The Lipnice Bible is a Latin biblical manuscript written in the first half of the 15th century in Bohemia. It was partially finished in May 1421 "in Lypnicz", very likely in Lipnice nad Sázavou. It is currently part of the collections of the Museum of the Bible in Washington, D.C.

==Description and history==
The Lipnice Bible is written on parchment and contains 431 folios. The codex is not a mere Bible but contains a number of added texts. The decoration of the manuscript was carried out in three different phases as the codex was forced to change its location. Thus, it is a precious witness to a restless period of the Hussite Wars. The only figural illumination in the Lipnice Bible shows God as the Creator at the beginning of the book of Genesis.

Nothing is known about the first owner of the Lipnice Bible. Only his name, Mathias of Roudnice (Mathias de Rudnicze), is mentioned in the codex. Very likely he was a wealthy priest or a member of a religious community or a university who was interested in the religious disputes of his time (see the Bohemian Reformation). The place of his origin could have been Roudnice nad Labem, a town owned by the Archbishops of Prague where an important Augustinian monastery was located. Nevertheless, no evidence for the connection between the Lipnice Bible and the Augustinian Canons in Roudnice can be found.

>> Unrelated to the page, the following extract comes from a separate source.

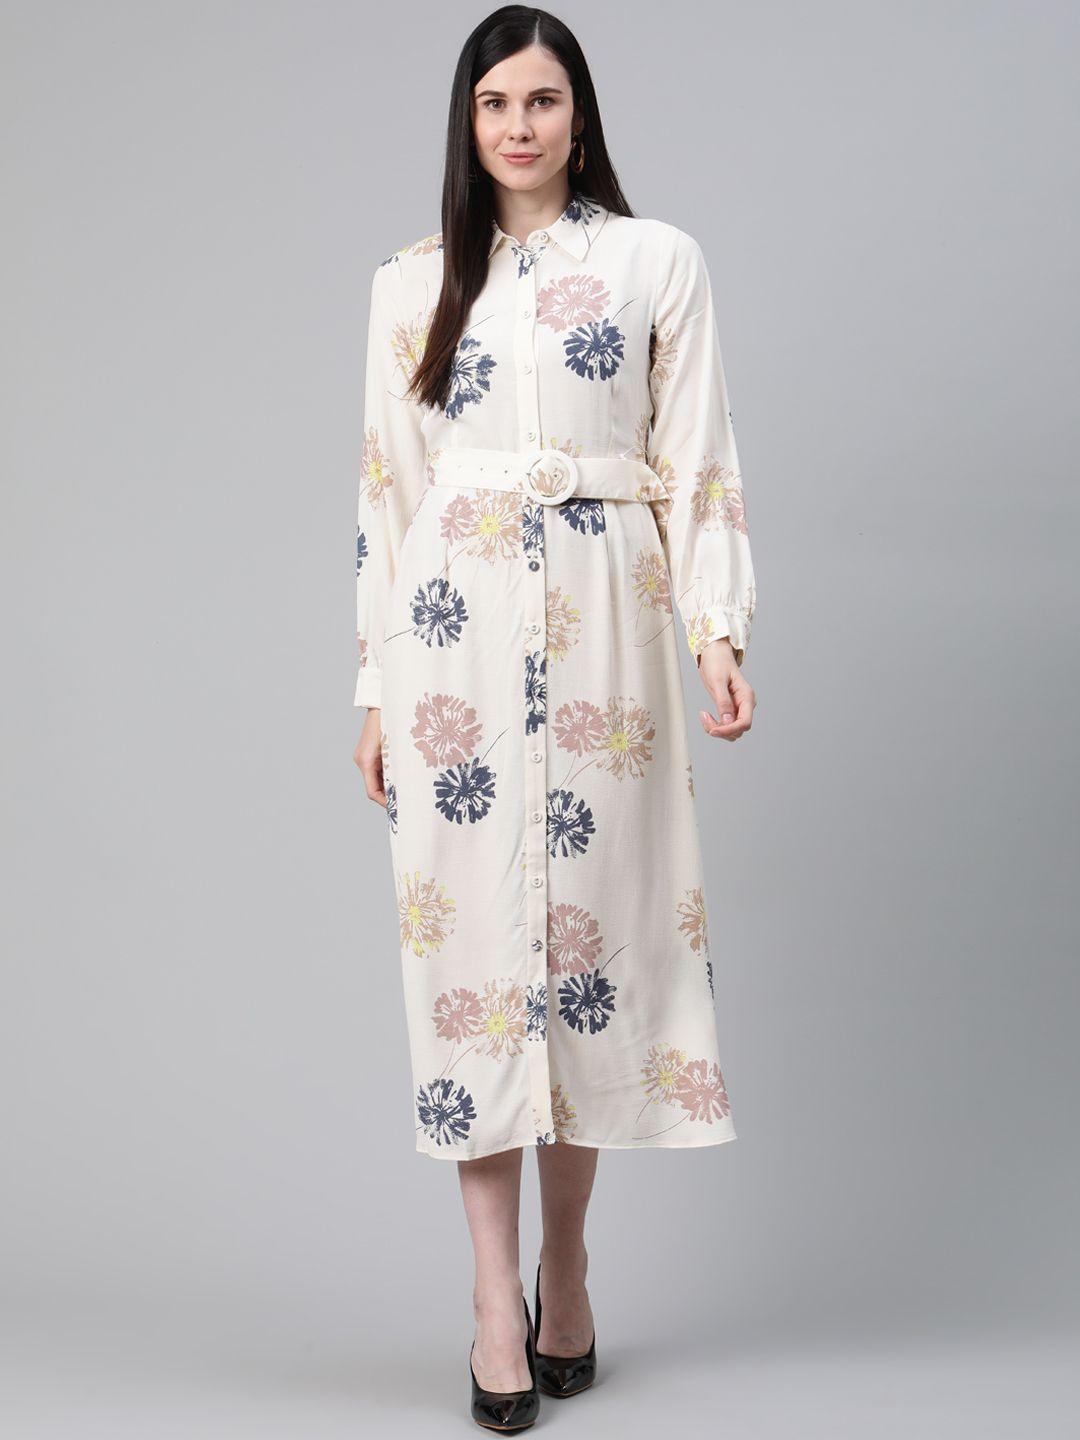 marks & spencer women sustainable off-white floral print shirt dress

At the end of the book of Revelation, there is a unique colophon calling the Bible “the shield of faith, with which the sons of God fight, the eye of the righteous, a stumbling block to the unbelievers”. This sentence points to a special authority that the owner attributed to the Bible.

The further history of the codex is not clear. It reappears in the 20th century in the collection of Charles William Dyson Perrins, who acquired it before 1920, but it is not known where. It changed owners several times before entering the private Green Collection in 2011, from where it was given to the Museum of the Bible. During the summer of 2021, the Lipnice Bible was exhibited in the Czech Republic.